I am hoping, though, that if I go with micros over paracyps in here they wouldn't contribute more to any crowding the Kilesa might already feel from the tank dimensions. I initially stayed away from the Kilesa because I didn't have a 6' tank....

I'd really like to see photos of the Kilila and the Bulu Point micros... both of those varieties sure look nice from what I can tell. opcorn:


----------



## Longstocking (Aug 26, 2003)

Enants once full grown might need more space... but at the size you are getting them you shouldn't have any issues for a few years.


----------



## TorontoRaptorsFan (May 20, 2005)

I have a colony of Cyp. Micro Kilila but they're still growing out. I recently saw a video taped by Greenhacker at Reserve Stock Cichlid's HQ and the male Kilila looked incredible!

Zebra7 posted a picture of his Cyprichromis Kilila male
http://www.cichlid-forum.com/phpBB/view ... highlight=


----------



## Tshethar (Jul 20, 2009)

That is a nice pic; I hadn't found it in the old threads but I did see it on the SICichlids page. Looks like your colony will be worth the wait!

I bought fish from Reserve Stock over the summer, and when I was looking on their site Doug had some Kilila for sale, and I remember how striking the photo was that he had posted. At the time I wasn't thinking at all about micros, but I was struck by their beauty nonetheless.

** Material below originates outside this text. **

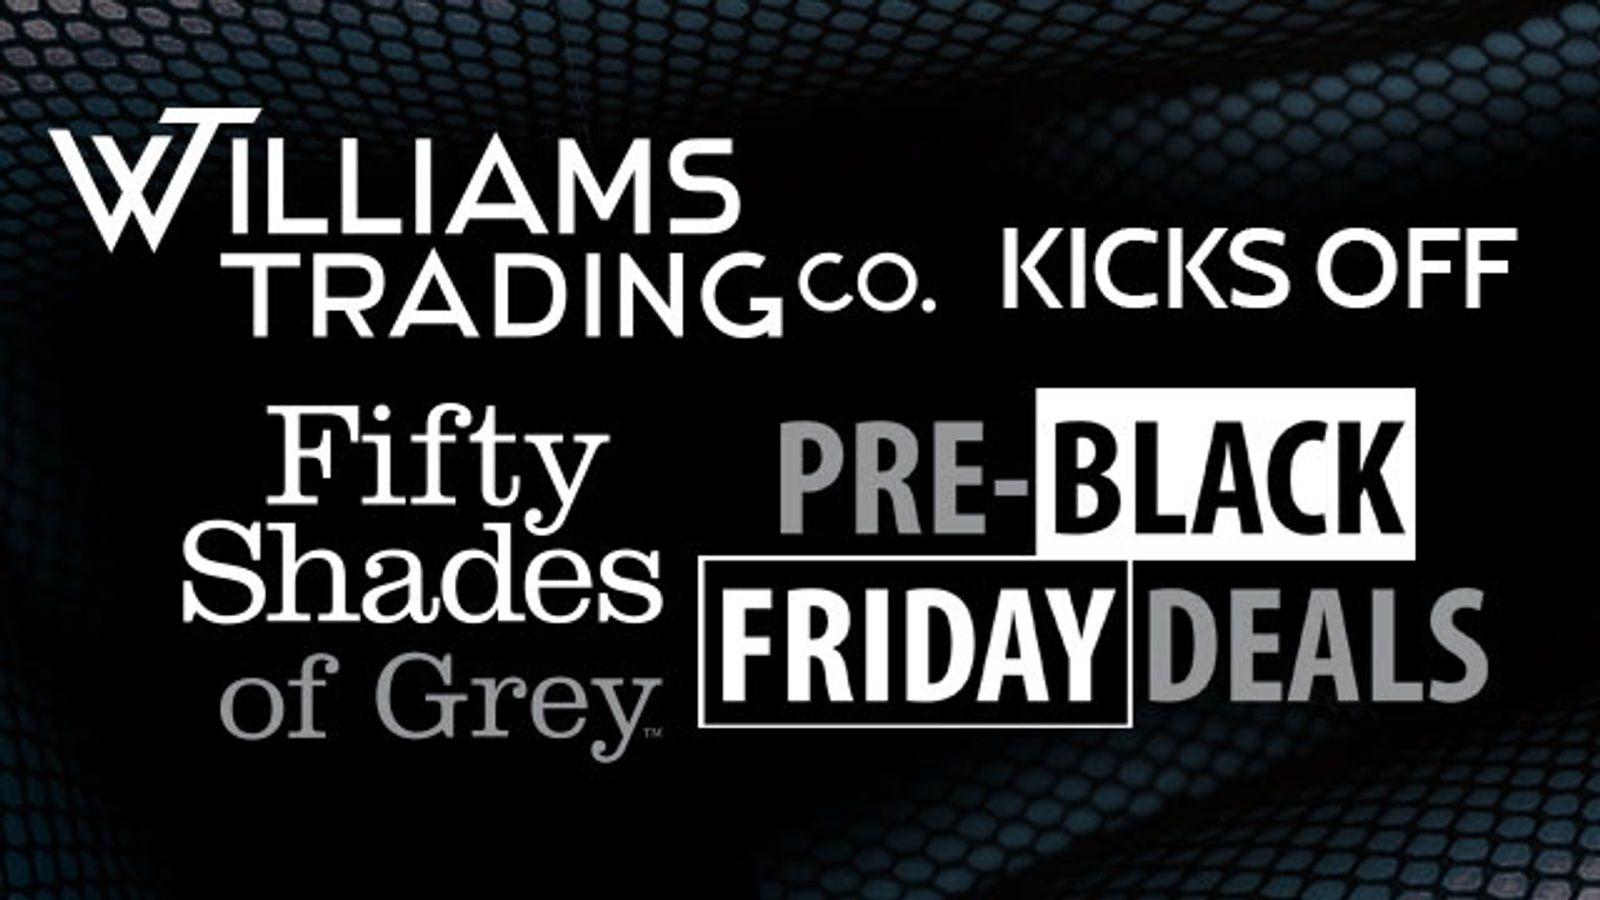 Williams Trading Kicks Off A Fifty Shades of Grey Pre-Black Friday Special

Naturally it would be nice not to have to decide based only on one or two pictures, but... well, let's just say that variety sure photographs well.

Meanwhile, inching closer to choosing micros over paracyps... better start saving my pennies! :lol:


----------



## markw (Feb 20, 2004)

Hey Paul, The male looks really nice. He'll change back and forth during breeding from the yellow/black/blue to sometimes solid black. Looks like he's almost full grown. He's probably 2 years now right? The 3 dominant males I have will actually "take turns" changing colours. Often 2 males will try and compete for a female and go solid black instantly, but once they back off they switch back to the yellow/black. Even a few of the larger females display some beautiful colours.
Good Luck with the fry.


----------



## noddy (Nov 20, 2006)

Hey Mark. Good to hear from you. They are only just over a year old now and that male is about 3 1/2" in length. I do have 3 other males that show no yellow, they are dark blue with black blotches but when they start to display they turn black or very dark blue. Would you believe, I think I ended up with 4 males 14 females? Do you have any other micros ?


----------



## Darkside (Feb 6, 2008)

I was thinking of doing some micros again, how big are your setups for them? I was also thinking of doing Cardiopharynx, that's one I haven't done yet.


----------



## TorontoRaptorsFan (May 20, 2005)

Darkside,

My Cyp. Micros (Kilila and Kiriza) are in 75 gallon tanks. I'm looking at moving one of them into a 125 gallon tank with some Foai Sibwesa.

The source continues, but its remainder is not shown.